* _Dataset excerpt_
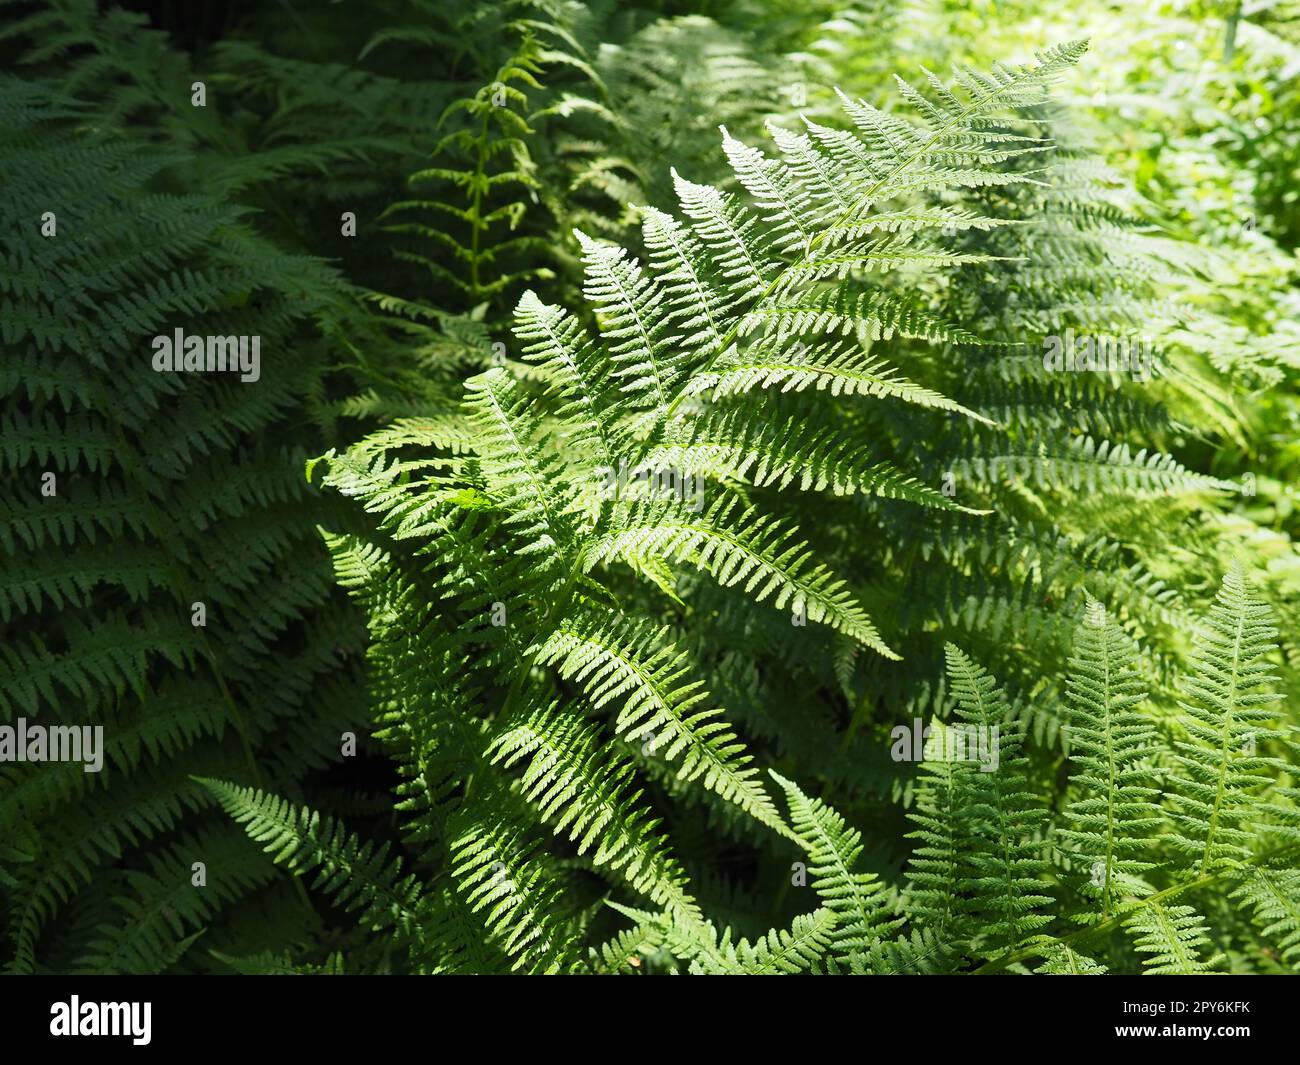 Farnpflanze im Wald. Wunderschöne anmutige grüne Blätter. Polypodiphyta, eine Abteilung für Gefäßpflanzen, die moderne Farne und alte höhere Pflanzen umfasst Stockfoto
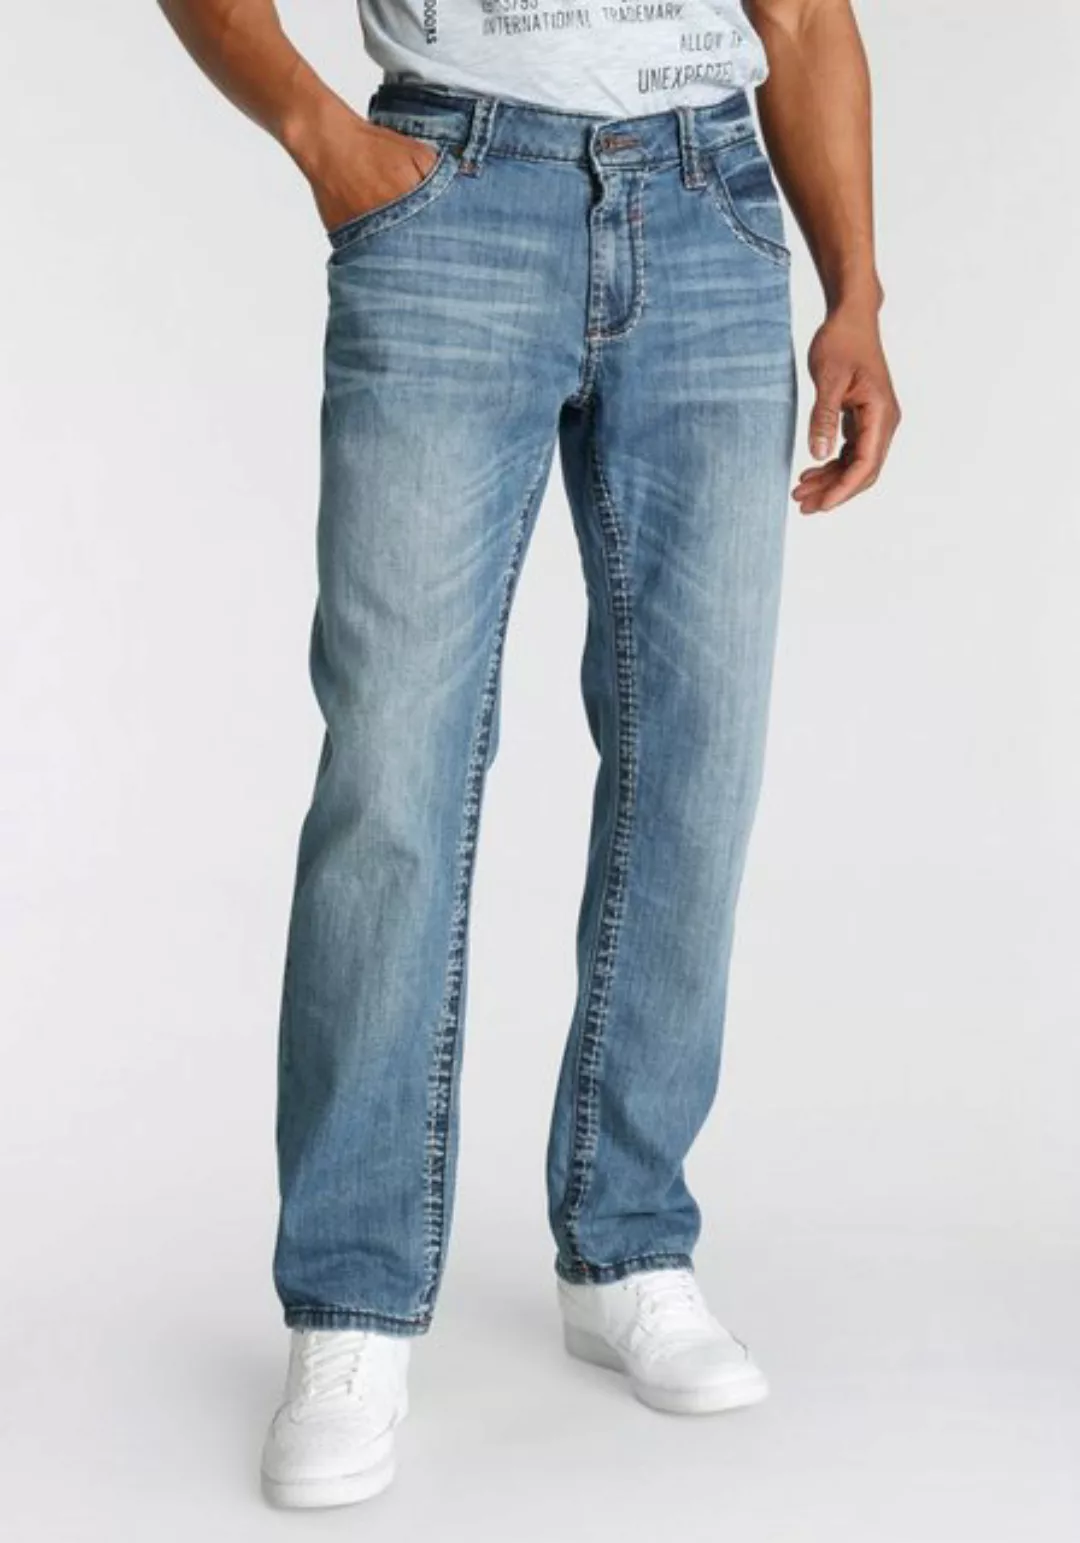 CAMP DAVID Regular-fit-Jeans NI:CO:R611 mit Abriebeffekten günstig online kaufen
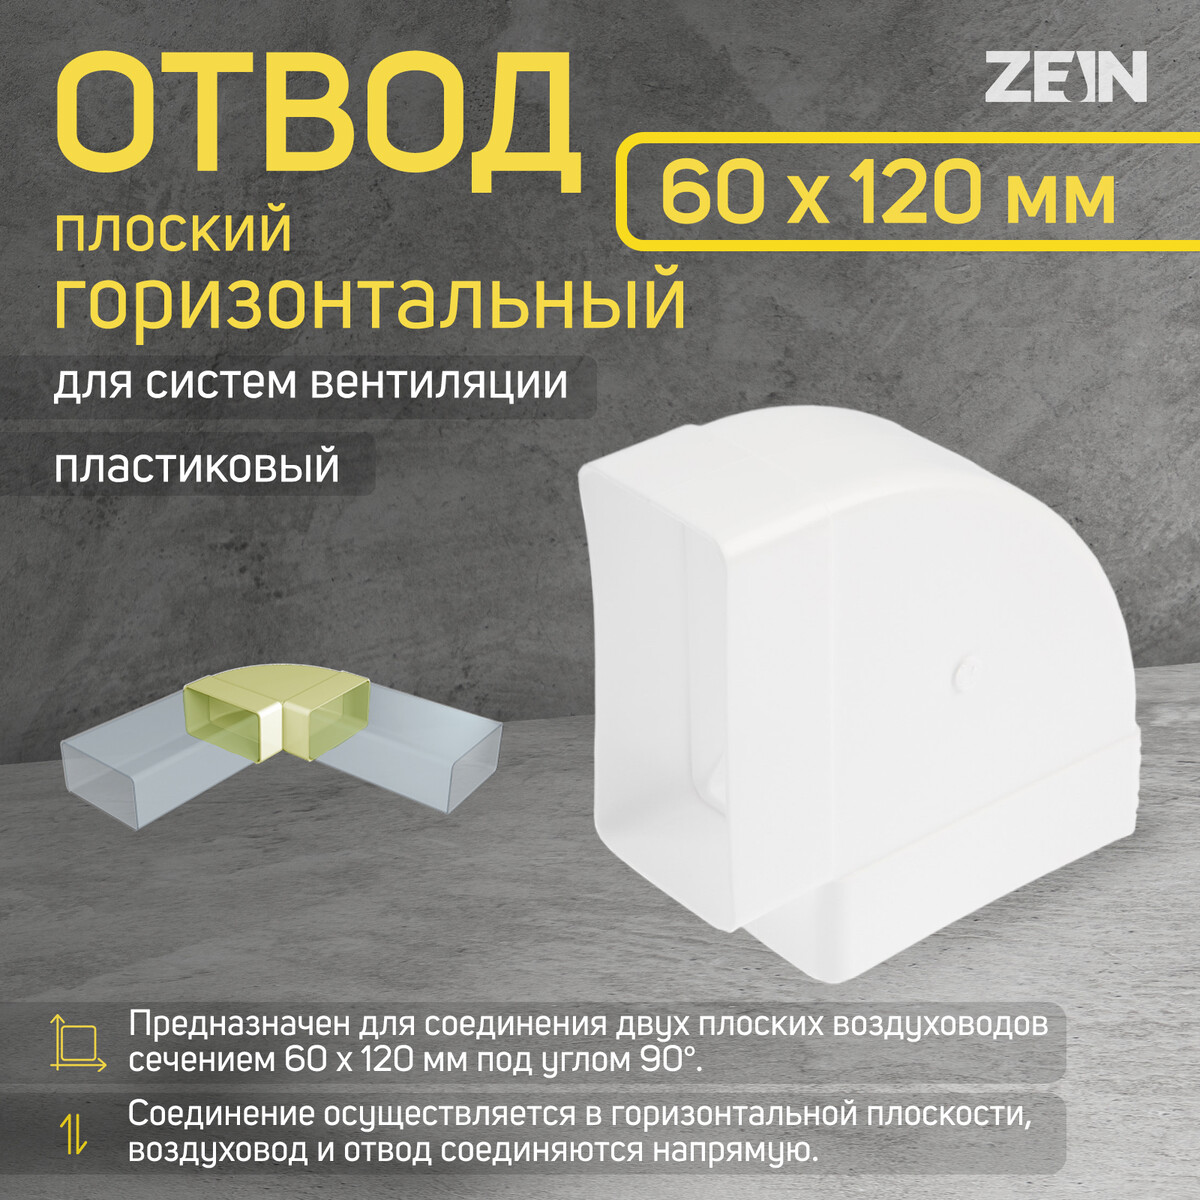 Отвод zein, плоский, горизонтальный, вентиляционный, 60 х 120 мм

* _Task directions_
Reproduce every line above as written, skipping pictures.

* _Result of the exercise_
 Farnpflanze im Wald. Wunderschöne anmutige grüne Blätter. Polypodiphyta, eine Abteilung für Gefäßpflanzen, die moderne Farne und alte höhere Pflanzen umfasst Stockfoto
 CAMP DAVID Regular-fit-Jeans NI:CO:R611 mit Abriebeffekten günstig online kaufen
 Отвод zein, плоский, горизонтальный, вентиляционный, 60 х 120 мм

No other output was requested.